Even after withdrawing my funds from these banks, I was still mad as a wet hen. And I wasn't given a chance to cool down. Instead, another bank jumped in the fray. This time, one of the national banks. And my temper went to fever heat.

"What's the matter now?" I asked them.

"Our drawing bank has notified us that it will decline to do our clearings unless we induce you to place part of your balance on a certificate of deposit."

"What's the idea?" I wanted to know.

"They do the clearings for us," one explained. "You might draw a check on us for several millions and they would have to clear it. This, they claim, they cannot do."

"Ha, ha! I see!" I remarked sarcastically. "So, the highbrows haven't got cash enough to clear my checks? Wouldn't I love, though, to have them turn down one of my checks! Wouldn't I hang their hide up a tree to dry! I am glad of it. Tell them to go to the devil and we will give the story out to the newspapers."

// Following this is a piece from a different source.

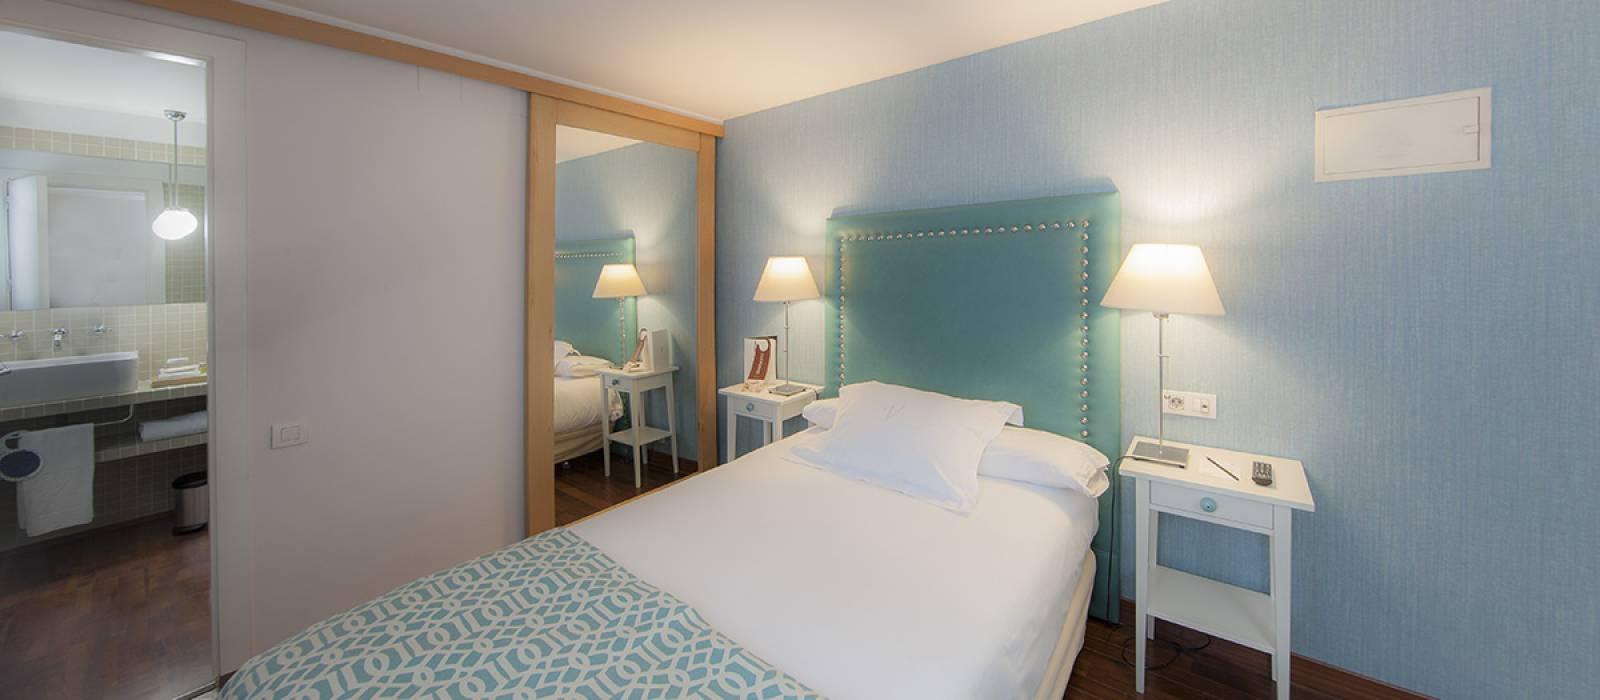 Habitaciones Hotel Madrid Soma - Vincci Hoteles - Vincci Indivicual

"No, no. We can't do that," said he.

"And why not?" I asked. "Can't we do our own clearings?"

"Not yet," he replied. "We would have to join …"

"Well, join whatever it is you have to join," I told him.

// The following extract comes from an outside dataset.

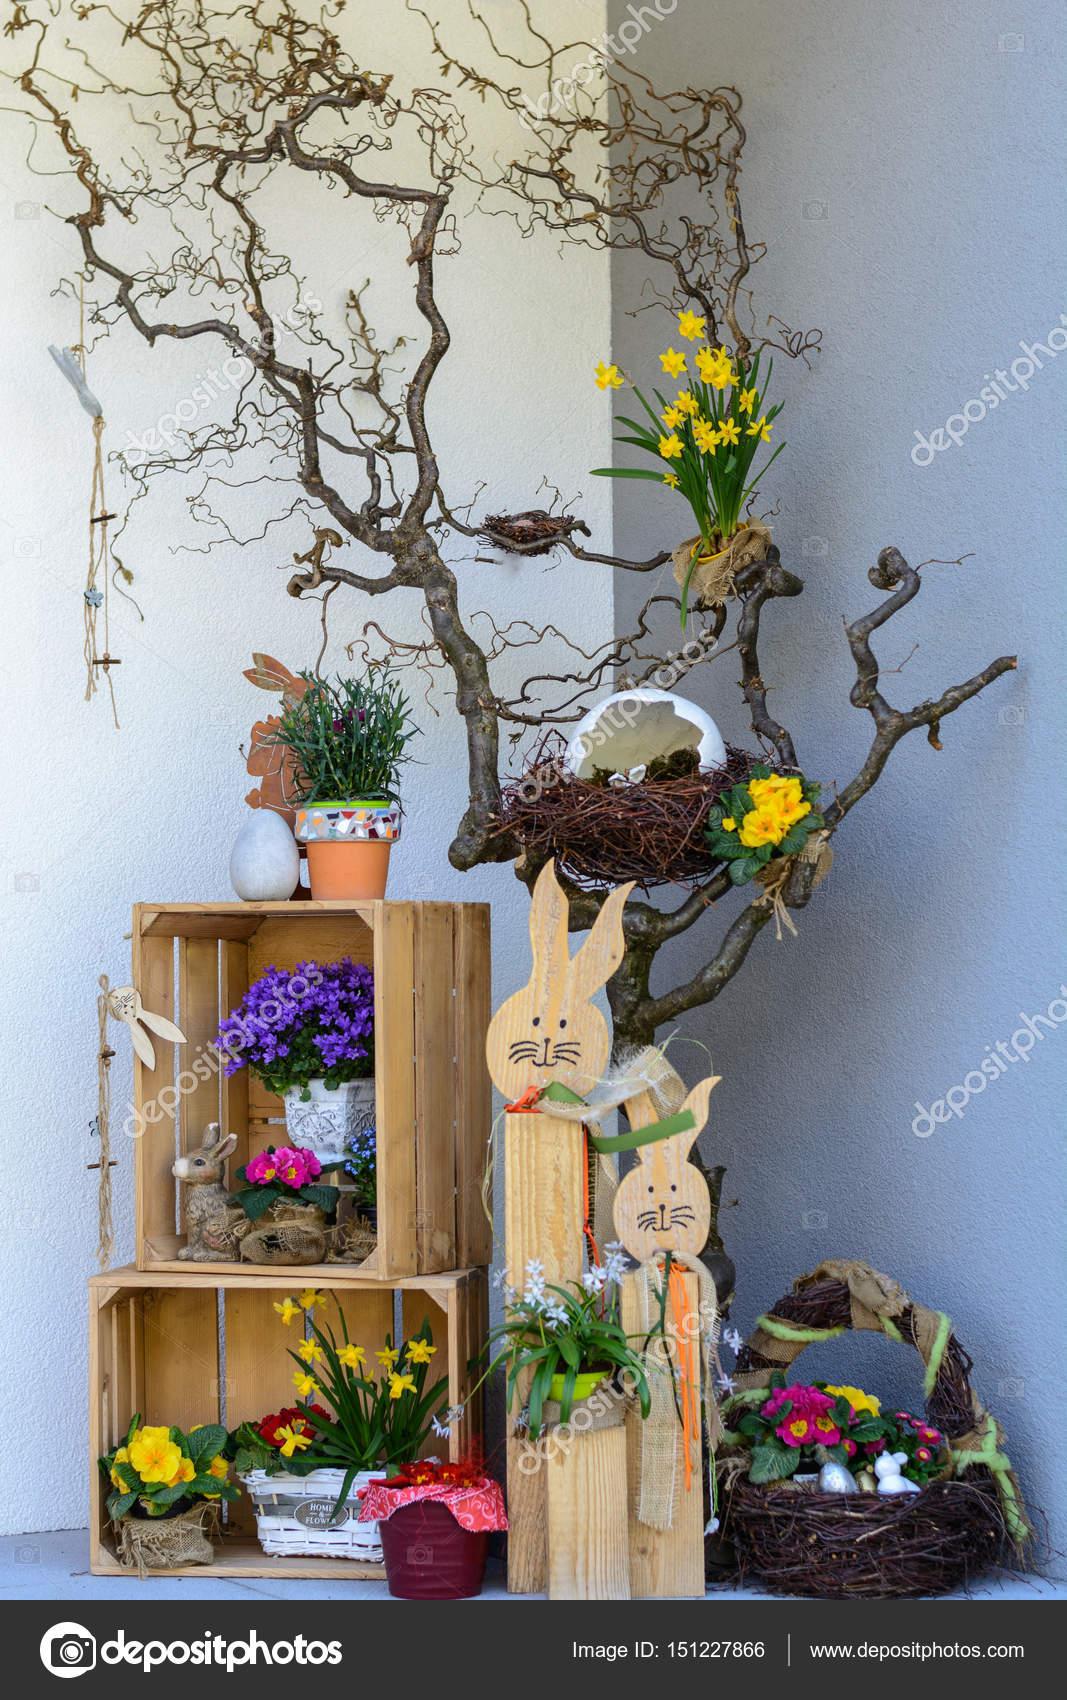 Kolorowe Dekoracje Wielkanocne W Domu Zdjęcie Stockowe

"But in the meanwhile we would be left without clearings," he pointed out. "Please don't force us into that situation."

"But you are asking me to tie up my balance," I rebutted. "And I cannot do that because I may need my money at any time."

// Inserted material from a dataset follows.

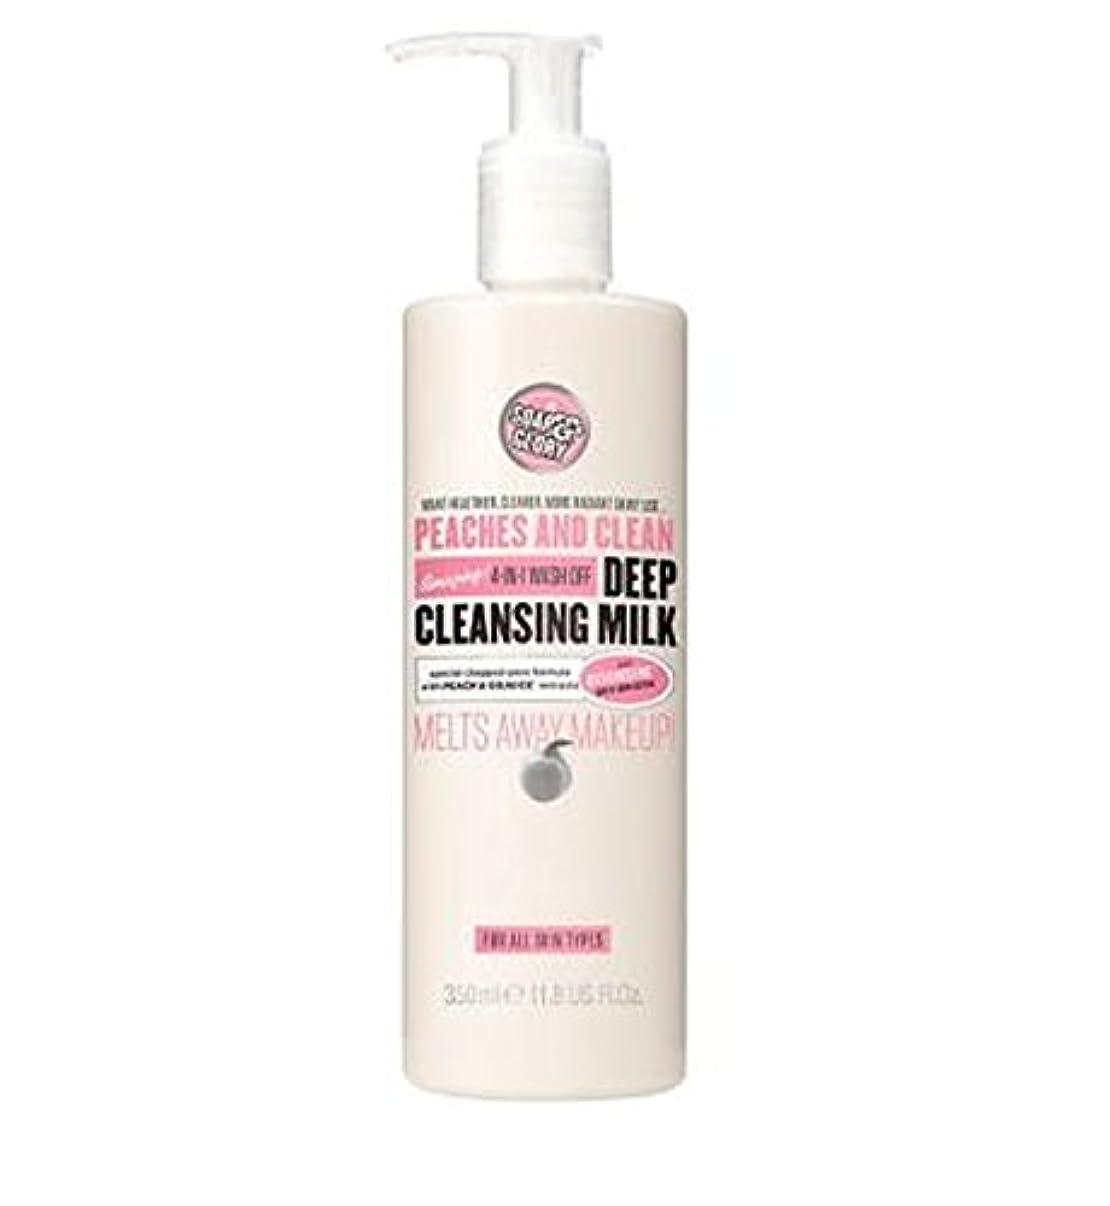 無効悲観的思いつくPEACHES AND CLEAN? Deep Cleansing Milk 350ml - 桃やクリーン?ディープクレンジングミルク350ミリリットル (Soap & Glory) [並行輸入品]

"You don't have to tie up the whole balance," he said. "Only a part will do. Let's say one million and a half."

I resisted their pressure for a while. But finally I gave in. It seems I couldn't do anything else just then. I walked out of the bank with a certificate of deposit for a million and a half. But madder than ever. And determined to take it out on the whole banking crowd.

The moment I got back to my office, I called up the Bank Commissioner. Made an appointment with him. And went up to the State House.

"Mr. Allen," I said to him, "I have a plan to boost deposits in the Hanover Trust Company, but I desire your approval before I go ahead with it."

"What is your plan?" he asked.

"My plan is to run a sort of contest," I explained to him. "I am going to offer a prize of $1,000 each month to the person who will be instrumental in bringing the Hanover Trust the largest number of new deposits."

"How are you going to work it out?" he inquired.

"I'll have thousands of cards printed," I told him. "Some sort of introduction cards. The contestants will give them out to their friends. Each card will bear the name of the new depositor and the signature of the contestant. It will be turned in with the initial deposit and the bank will pass it along to me or file it. At the end of each month, the cards will be counted and sorted. The contestant with the larger number of cards to his credit will get the $1,000."

"I don't see anything irregular with the plan," admitted the Bank Commissioner. "As a private citizen, you can give out your money as you see fit. But you cannot use the Hanover's funds for it. Or promote the contest in the bank's name."

"I will abide by your directions," I assured him, and left.

I sent for a printer and told him what I wanted.

Ten or twenty thousand cards to begin with. And right away. Then I stuck up a couple of notices in my office with the rules of the contest. The war between myself and the banks was on. I had thrown the gauntlet. And I was going right into action to deliver the first blow.